In comparing the growth rate of population and housing stock, it is noted that population grew at a faster rate than housing by 0.5 percent. This translates into a shortage of almost 6,700 housing units, and suggests that the demand for new housing outpaced supply.
Mortgage rates are indirectly related to interest rates set by the Federal Reserve Bank (Fed). In 2003, the Fed left interest rates unchanged. Mortgage rates in 2003 fluctuated between a low of 5.23 percent and a high of 6.25 percent. As chart 2 above shows, permits tended to rise when mortgage rates fell, and vice versa, clearly showing an inverse relationship between rates and permits. Data from the Federal Home Loan Mortgage Corporation showed that mortgage rates in 2003 reached a 33-year low of 5.23 percent. Accordingly, the housing market remained strong in 2003. As interest rates rise in 2004, a slow down in housing activity can be expected. The Fed has already raised rates by 0.25 percent to 1.25 percent in June of this year. This is likely to be the beginning of a series of rate hikes that may have adverse consequences for the housing sector.
Subsidized housing units
The annual Affordable Housing Appeals Procedure List, published by the Department of Economic and Community Development, shows the percentage of assisted housing by municipality. Subsidized housing includes: (1) units receiving financial assistance from governmental programs such as State Rental Assistance; (2) housing currently financed by the Connecticut Housing Finance Authority; and (3) properties with deed restrictions requiring that the property be sold or rented at or below prices which equal less than the 80 percent of area median income. The income limits guidelines are established by the U.S. Department of Housing and Urban Development.
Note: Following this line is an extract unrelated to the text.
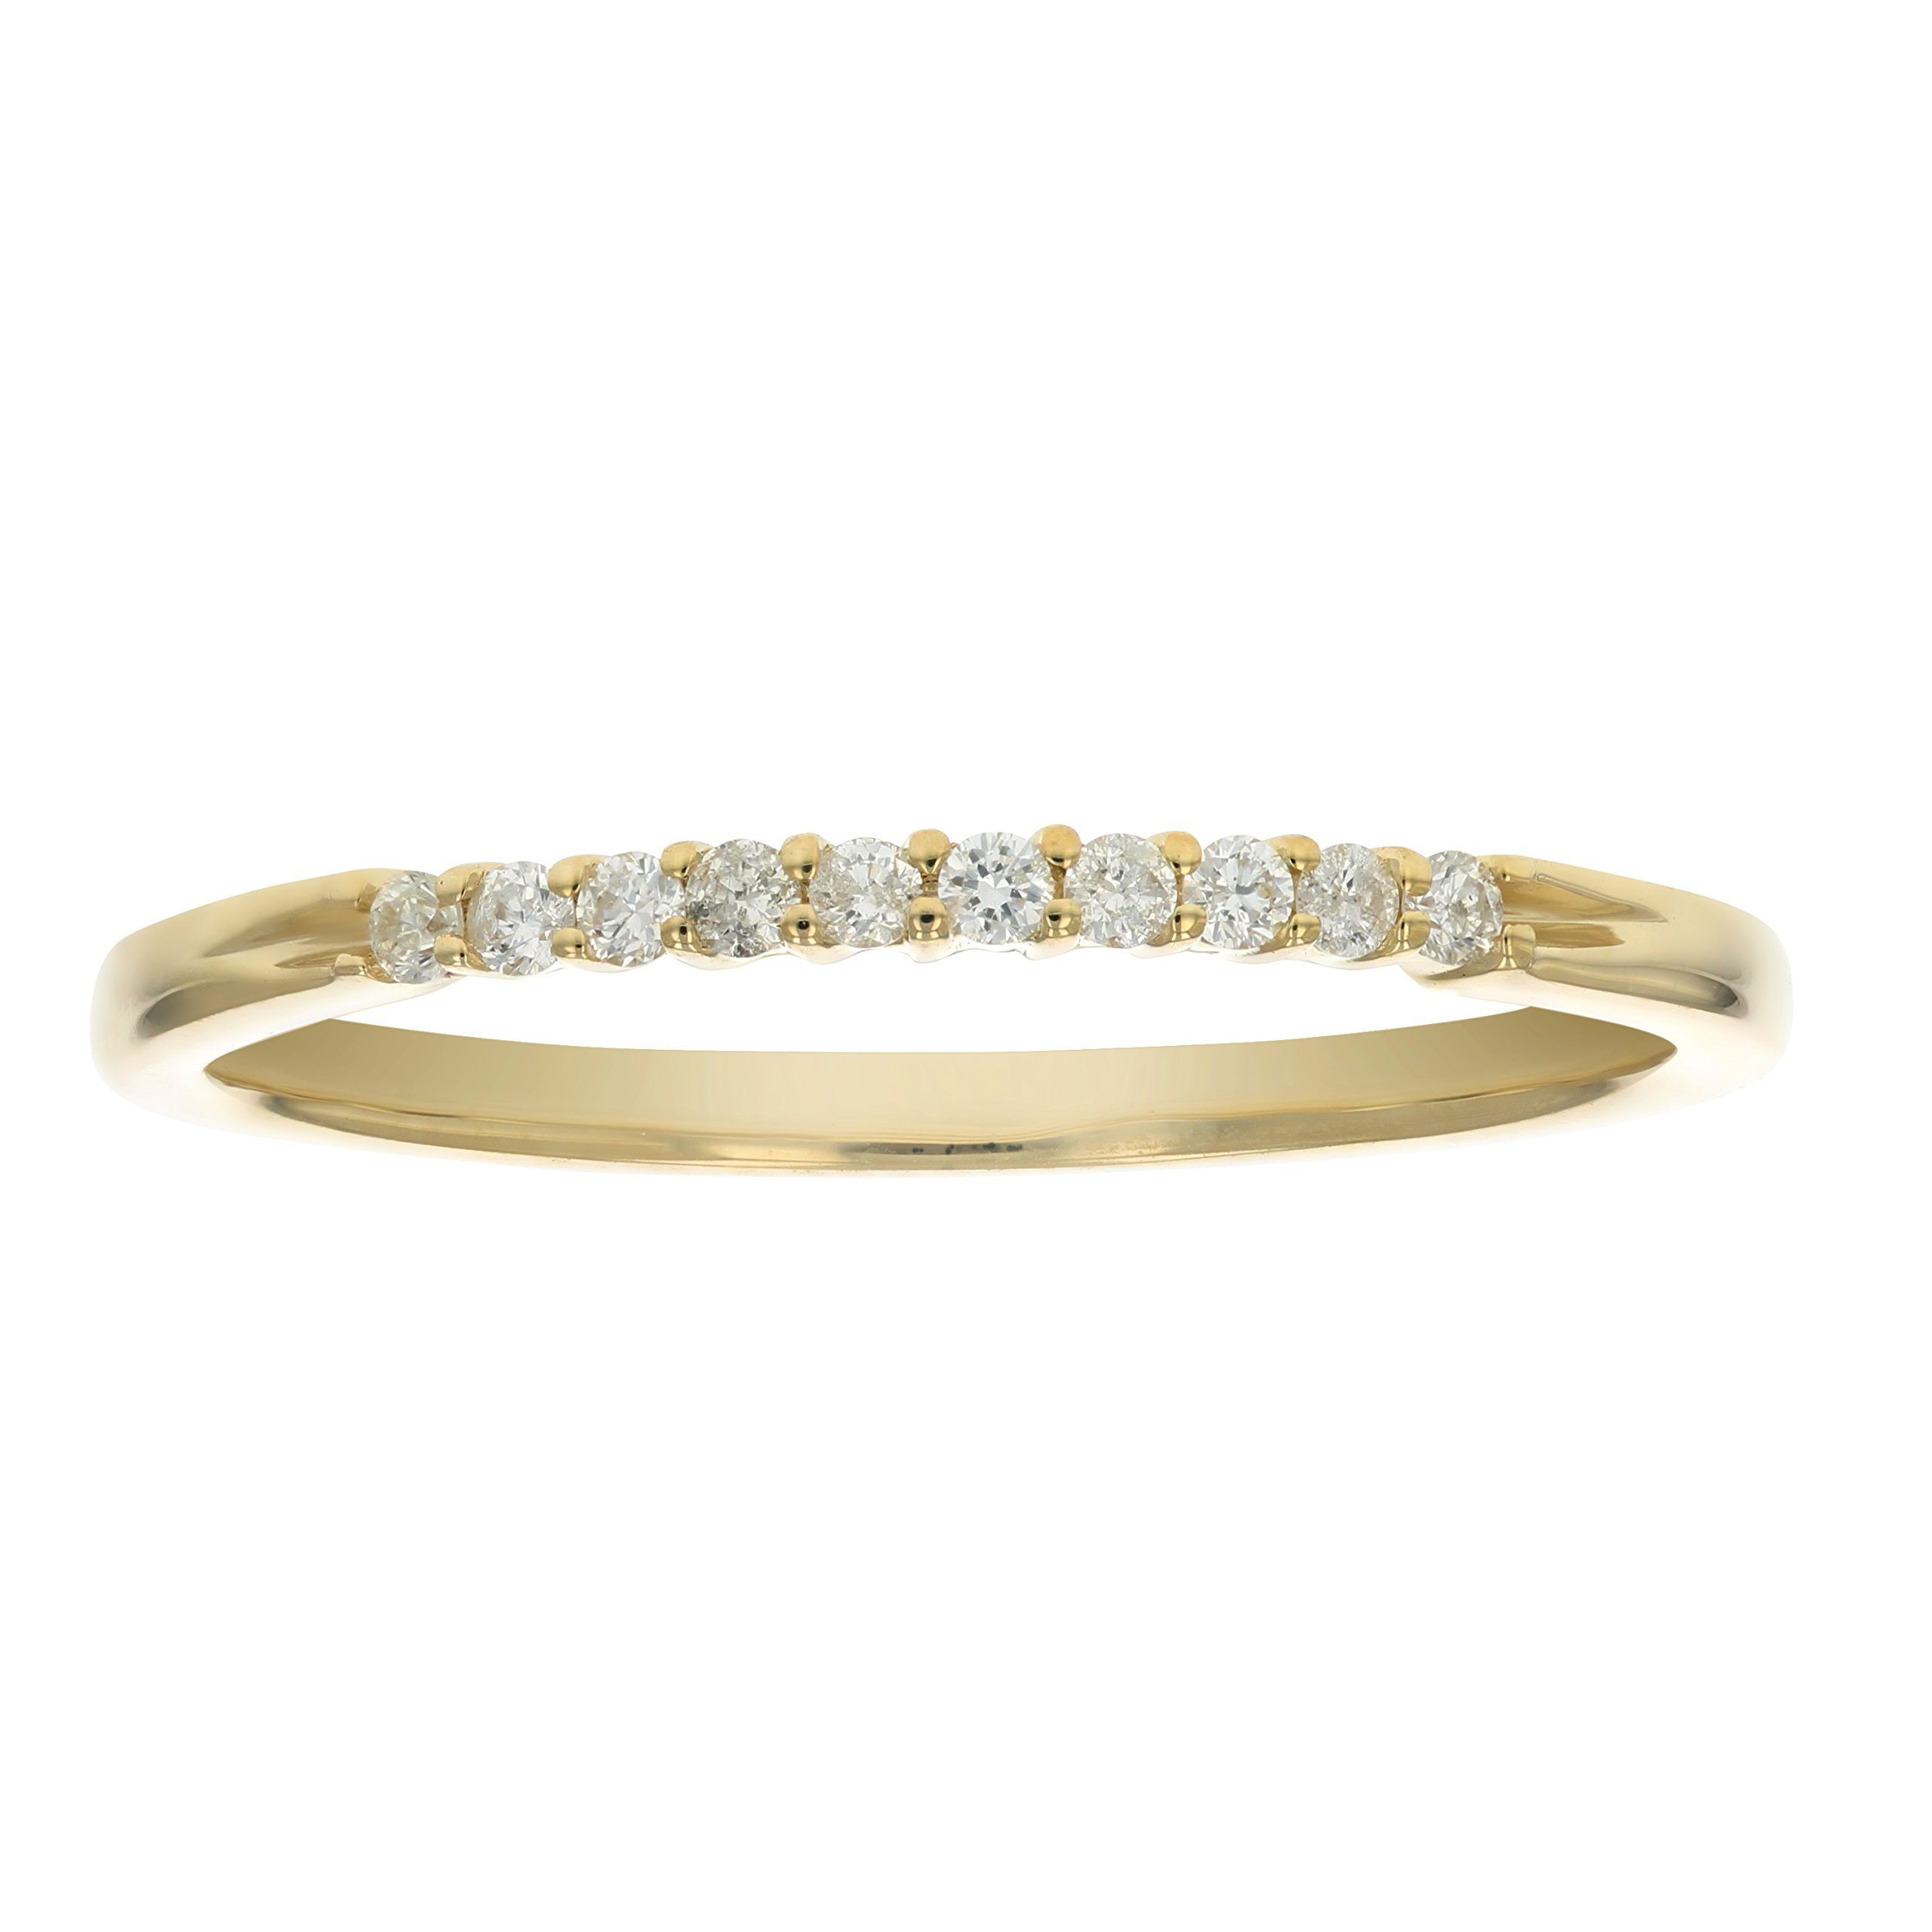 1/10 ctw Petite Diamond Wedding Band in 10K Yellow Gold In Size 7

In 2003, there were 152,658 subsidized housing units, 11 percent of the Census 2000 housing stock. The largest five cities shared more than 40 percent of the subsidized units, while the City of Hartford showed the largest number and percentage of assisted units. Connecticut General Statute 8-30g states that municipalities with more than ten percent of their housing stock designated as assisted housing units are exempt from the appeal process. Through the appeal process, developers are entitled to appeal decisions made by a local board or commission in regard to affordable housing projects. Currently, 29 cities and towns are on the exempt list.
Will the housing sector continue to grow in 2004? It depends on a number of factors. Certainly, the overall economy plays an important role as do interest rates and personal income. Halfway into this year, new permits have increased almost 18 percent compared to a year ago. That fact, combined with Connecticut's improved economy, leads me to believe that the housing market will keep pace with-if not surpass-2003 levels.
Commissioner James F. Abromaitis of the Connecticut Department of Economic and
Community Development (DECD) announced that Connecticut communities authorized 1,154 new housing units in
July 2004, a 24.4 percent increase compared to July of 2003 when 928 units were authorized.
The Department further indicated that the 1,154 units permitted in July
2004 represent a 10.1 percent decrease from the 1,283 units permitted in June 2004. The year-to-date
permits are up 19.0 percent, from 5,526 through July 2003, to 6,577 through July 2004.
The Stamford Labor Market Area showed the largest increase in terms of units (95) and percentage
growth (215.9) compared to a year ago. Danbury led all municipalities with 90 units, followed by Stamford
with 61, and Southington with 41. From a county perspective, only Hartford County showed year-to-date loss.